W3C WD-script-960124

HTML3 Scripting

W3C Working Draft 24-Jan-96

This version:
http://www.w3.org/pub/WWW/TR/WD-script-960124.html
Latest version:
http://www.w3.org/pub/WWW/TR/WD-script.html
Editor:
Dave Raggett <dsr@w3.org>
Based on an initial draft by Charlie Kindel, and in turn derived from the Netscape extensions for JavaScript
Authors:
this will be added to as we evolve the draft

--- rough draft --- --- rough draft --- --- rough draft ------ rough draft ---


Status of this document

This is a W3C Working Draft for review by W3C members and other interested parties. It is a draft document and may be updated, replaced or obsoleted by other documents at any time. It is inappropriate to use W3C Working Drafts as reference material or to cite them as other than "work in progress". A list of current W3C working drafts can be found at: http://www.w3.org/pub/WWW/TR

Note: since working drafts are subject to frequent change, you are advised to reference the above URL, rather than the URLs for working drafts themselves.

Abstract

The HyperText Markup Language (HTML) is a simple markup language used to create hypertext documents that are portable from one platform to another. HTML documents are SGML documents with generic semantics that are appropriate for representing information from a wide range of applications. This specification extends HTML to support locally executable scripts including JavaScript, VBScript, and other scripting languages and systems. The approach allows for pluggability of scripting systems and leverages the W3C Working Draft for Inserting multimedia objects into HTML3 (http://www.w3.org/pub/WWW/TR/WD-insert.html).


Contents


Introduction

HTML documents are typically retrieved over the net from files held on HTTP servers. In some cases, the HTML is generated dynamically as the result of a program run by the server, e.g. via a CGI script. This specification extends HTML to support client-side scripting of HTML documents including objects embedded within HTML documents.

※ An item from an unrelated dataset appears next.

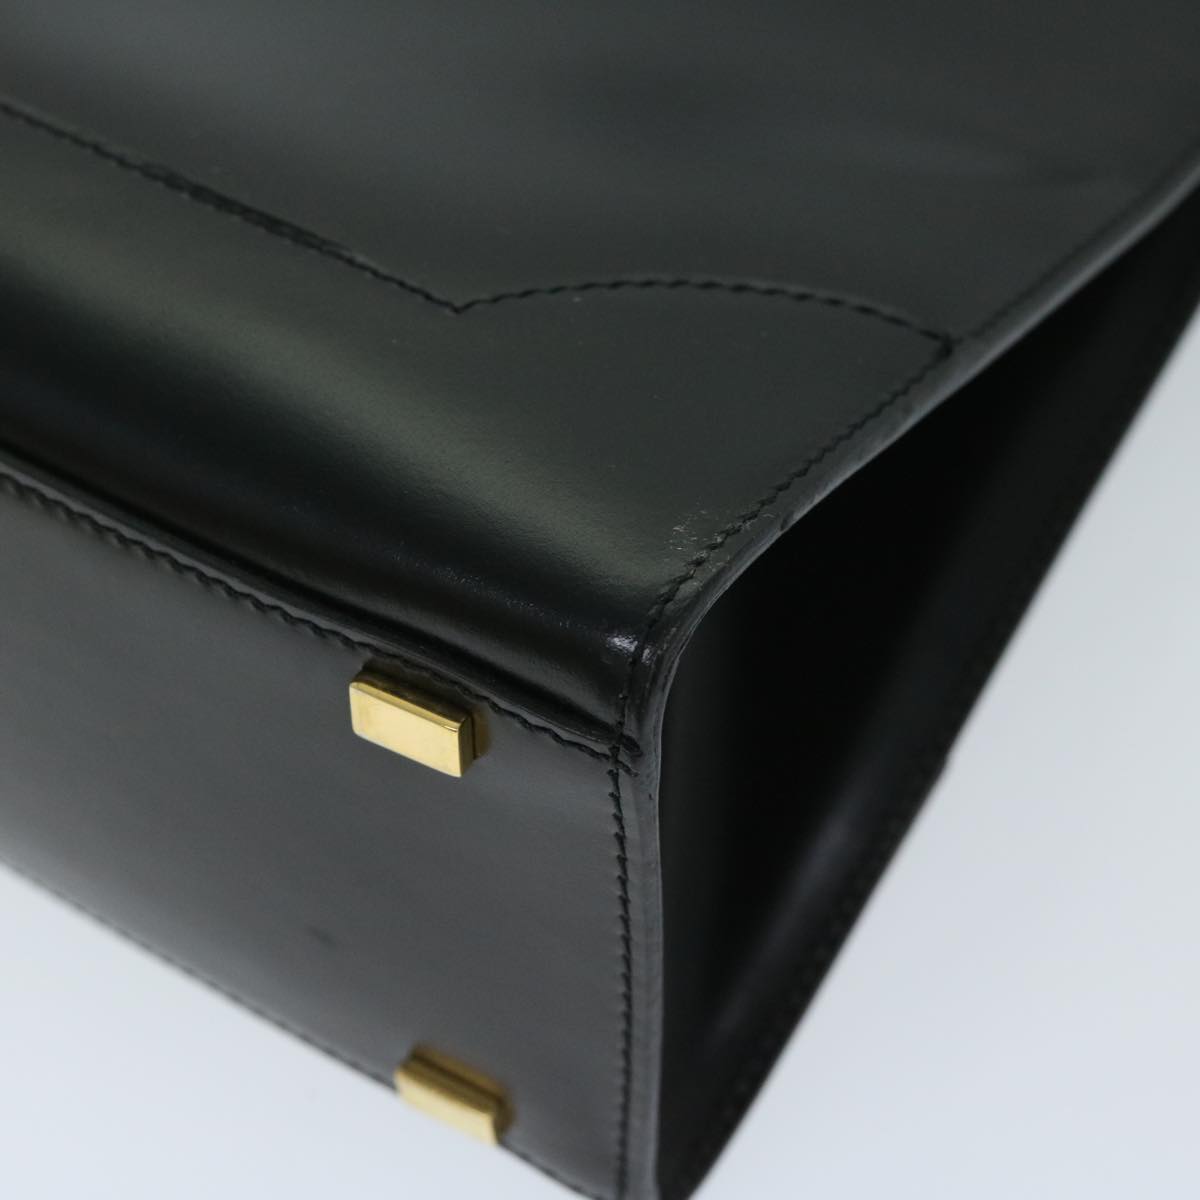 CELINE Hand Bag Leather Black Auth 69373
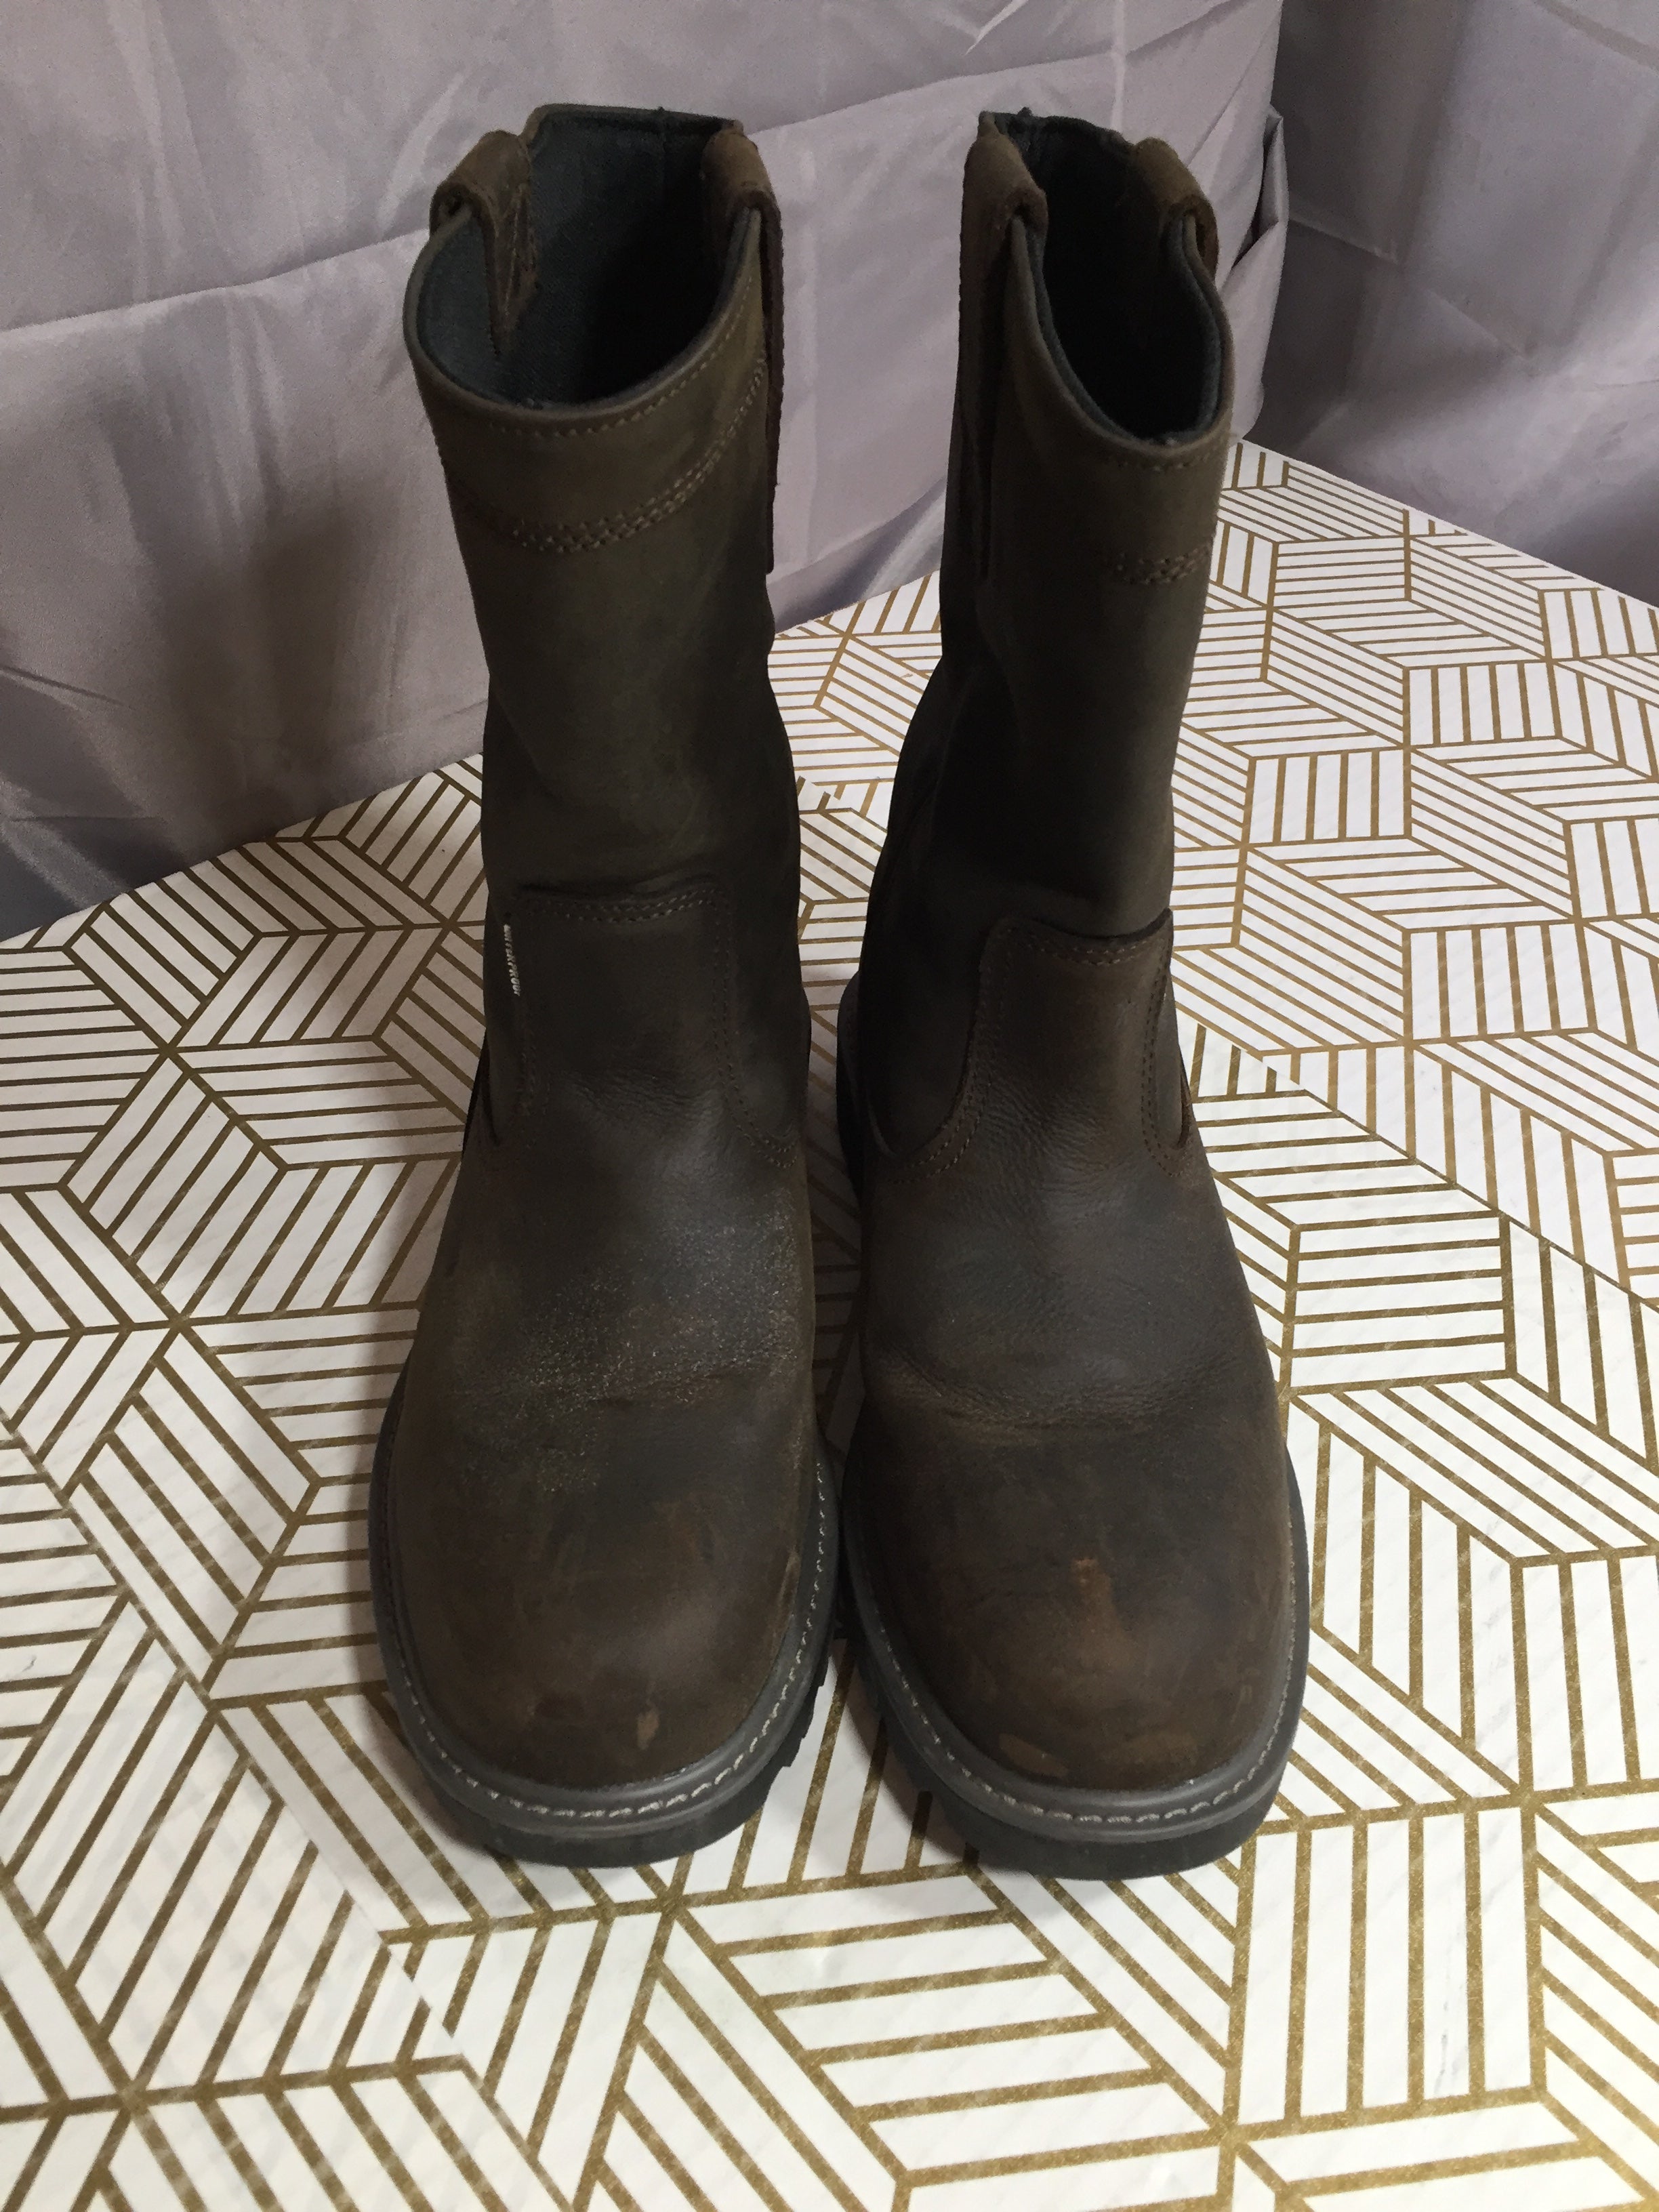 WOLVERINE Men's Work Boot Steel-Toe US Size 12 (F2413-18) (8072615461102)

Scripts can be supplied in separate files or embedded directly within HTML documents in a manner independent of the scripting language. Scripts allow HTML forms to process input as it is entered: to ensure that values conform to specified patterns, to check consistency between fields and to compute derived fields. Scripts can also be used to simplify authoring of active documents. The behaviour of objects inserted into HTML documents can be tailored with scripts that respond to events generated by such objects.

This enables authors to create compelling and powerful web content. Developers have been experimenting with ideas integrating executable script code within HTML. To date, the most prominent example is Netscape and Sun's "JavaScript". JavaScript code is embedded within HTML through the use of Netscape defined SCRIPT tag.

This specification formalizes the SCRIPT tag as defined by Netscape and currently implemented within Netscape Navigator 2.0 beta, and is intended to be compatible with it. In addition this specification provides a mechanism whereby user agents can be developed such that they can support any scripting language or system in a completely pluggable way.

This specification covers the syntax and semantics for inserting scripts into HTML documents, but leaves out the architectural and application programming interface issues for how scripting engines are implemented and how they communicate with the document and other objects on the same page.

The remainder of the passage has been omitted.